[Start of Attachment]

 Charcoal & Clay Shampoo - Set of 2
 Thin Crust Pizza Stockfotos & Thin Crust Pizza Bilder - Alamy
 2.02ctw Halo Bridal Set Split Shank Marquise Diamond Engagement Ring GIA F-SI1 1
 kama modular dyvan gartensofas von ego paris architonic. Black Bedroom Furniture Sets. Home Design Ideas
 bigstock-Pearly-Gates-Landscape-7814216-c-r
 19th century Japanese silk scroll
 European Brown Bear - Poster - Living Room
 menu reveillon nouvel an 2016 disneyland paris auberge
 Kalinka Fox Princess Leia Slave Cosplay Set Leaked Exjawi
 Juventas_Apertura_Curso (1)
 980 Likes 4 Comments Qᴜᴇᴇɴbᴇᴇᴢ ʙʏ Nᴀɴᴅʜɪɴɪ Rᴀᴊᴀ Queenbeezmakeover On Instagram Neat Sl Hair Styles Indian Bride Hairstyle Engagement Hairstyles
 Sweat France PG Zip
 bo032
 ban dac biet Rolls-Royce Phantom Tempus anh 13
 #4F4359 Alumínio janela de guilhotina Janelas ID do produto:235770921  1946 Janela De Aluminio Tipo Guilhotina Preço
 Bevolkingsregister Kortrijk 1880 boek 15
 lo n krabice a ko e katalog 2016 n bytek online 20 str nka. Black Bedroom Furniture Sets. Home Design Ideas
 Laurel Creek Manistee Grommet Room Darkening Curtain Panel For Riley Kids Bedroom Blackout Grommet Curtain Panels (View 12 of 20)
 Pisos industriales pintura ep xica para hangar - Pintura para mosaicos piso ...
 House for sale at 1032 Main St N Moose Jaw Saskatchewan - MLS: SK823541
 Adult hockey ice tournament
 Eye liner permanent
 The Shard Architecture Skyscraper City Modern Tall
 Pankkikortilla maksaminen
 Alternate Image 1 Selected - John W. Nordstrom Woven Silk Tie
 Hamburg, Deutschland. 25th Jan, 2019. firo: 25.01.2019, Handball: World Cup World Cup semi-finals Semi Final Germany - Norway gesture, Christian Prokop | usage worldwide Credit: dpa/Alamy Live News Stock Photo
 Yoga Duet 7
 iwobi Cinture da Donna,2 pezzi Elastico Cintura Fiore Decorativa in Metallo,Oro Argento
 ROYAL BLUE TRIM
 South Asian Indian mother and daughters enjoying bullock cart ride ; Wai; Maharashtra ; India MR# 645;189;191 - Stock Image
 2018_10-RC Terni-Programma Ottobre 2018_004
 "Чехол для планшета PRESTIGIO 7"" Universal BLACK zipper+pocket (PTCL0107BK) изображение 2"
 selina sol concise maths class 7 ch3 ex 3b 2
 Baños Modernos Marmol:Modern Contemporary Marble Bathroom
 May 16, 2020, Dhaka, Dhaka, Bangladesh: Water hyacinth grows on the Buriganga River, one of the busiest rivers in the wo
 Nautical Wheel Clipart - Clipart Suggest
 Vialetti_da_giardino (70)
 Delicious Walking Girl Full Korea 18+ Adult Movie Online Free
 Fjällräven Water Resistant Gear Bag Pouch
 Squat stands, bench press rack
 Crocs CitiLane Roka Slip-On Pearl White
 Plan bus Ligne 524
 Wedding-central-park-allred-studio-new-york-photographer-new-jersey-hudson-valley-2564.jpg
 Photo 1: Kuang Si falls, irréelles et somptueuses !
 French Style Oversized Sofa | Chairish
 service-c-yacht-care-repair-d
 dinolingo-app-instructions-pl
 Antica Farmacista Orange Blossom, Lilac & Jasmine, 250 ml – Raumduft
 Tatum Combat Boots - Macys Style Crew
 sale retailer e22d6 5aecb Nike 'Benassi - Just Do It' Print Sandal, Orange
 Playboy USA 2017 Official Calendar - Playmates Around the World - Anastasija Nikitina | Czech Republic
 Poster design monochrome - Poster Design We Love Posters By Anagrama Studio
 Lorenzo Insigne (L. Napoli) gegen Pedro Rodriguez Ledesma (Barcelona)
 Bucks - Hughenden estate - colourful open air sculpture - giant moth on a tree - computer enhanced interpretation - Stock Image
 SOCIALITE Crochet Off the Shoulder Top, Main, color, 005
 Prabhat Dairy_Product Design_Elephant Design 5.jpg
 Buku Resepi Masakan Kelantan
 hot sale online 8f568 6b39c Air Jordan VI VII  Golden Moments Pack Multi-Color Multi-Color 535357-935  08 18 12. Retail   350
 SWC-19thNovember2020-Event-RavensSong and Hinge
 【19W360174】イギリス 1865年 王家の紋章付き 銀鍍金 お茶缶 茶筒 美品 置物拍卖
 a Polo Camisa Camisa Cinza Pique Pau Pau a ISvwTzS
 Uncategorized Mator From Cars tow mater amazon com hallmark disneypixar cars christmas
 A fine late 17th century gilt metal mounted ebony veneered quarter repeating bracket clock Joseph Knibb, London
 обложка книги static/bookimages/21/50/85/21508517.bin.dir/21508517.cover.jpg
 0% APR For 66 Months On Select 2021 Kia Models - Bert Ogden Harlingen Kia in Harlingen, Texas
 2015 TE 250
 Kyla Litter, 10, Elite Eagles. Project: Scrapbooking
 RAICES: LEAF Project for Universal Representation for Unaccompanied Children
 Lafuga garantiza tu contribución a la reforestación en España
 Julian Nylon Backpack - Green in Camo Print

[End of Attachment]

Reproduce the lines above, beginning at the line with "dinolingo-app-instructions-pl" and stopping after the line with "Poster design monochrome", exactly as they are.

OUTPUT FOR THIS EXERCISE:
 dinolingo-app-instructions-pl
 Antica Farmacista Orange Blossom, Lilac & Jasmine, 250 ml – Raumduft
 Tatum Combat Boots - Macys Style Crew
 sale retailer e22d6 5aecb Nike 'Benassi - Just Do It' Print Sandal, Orange
 Playboy USA 2017 Official Calendar - Playmates Around the World - Anastasija Nikitina | Czech Republic
 Poster design monochrome - Poster Design We Love Posters By Anagrama Studio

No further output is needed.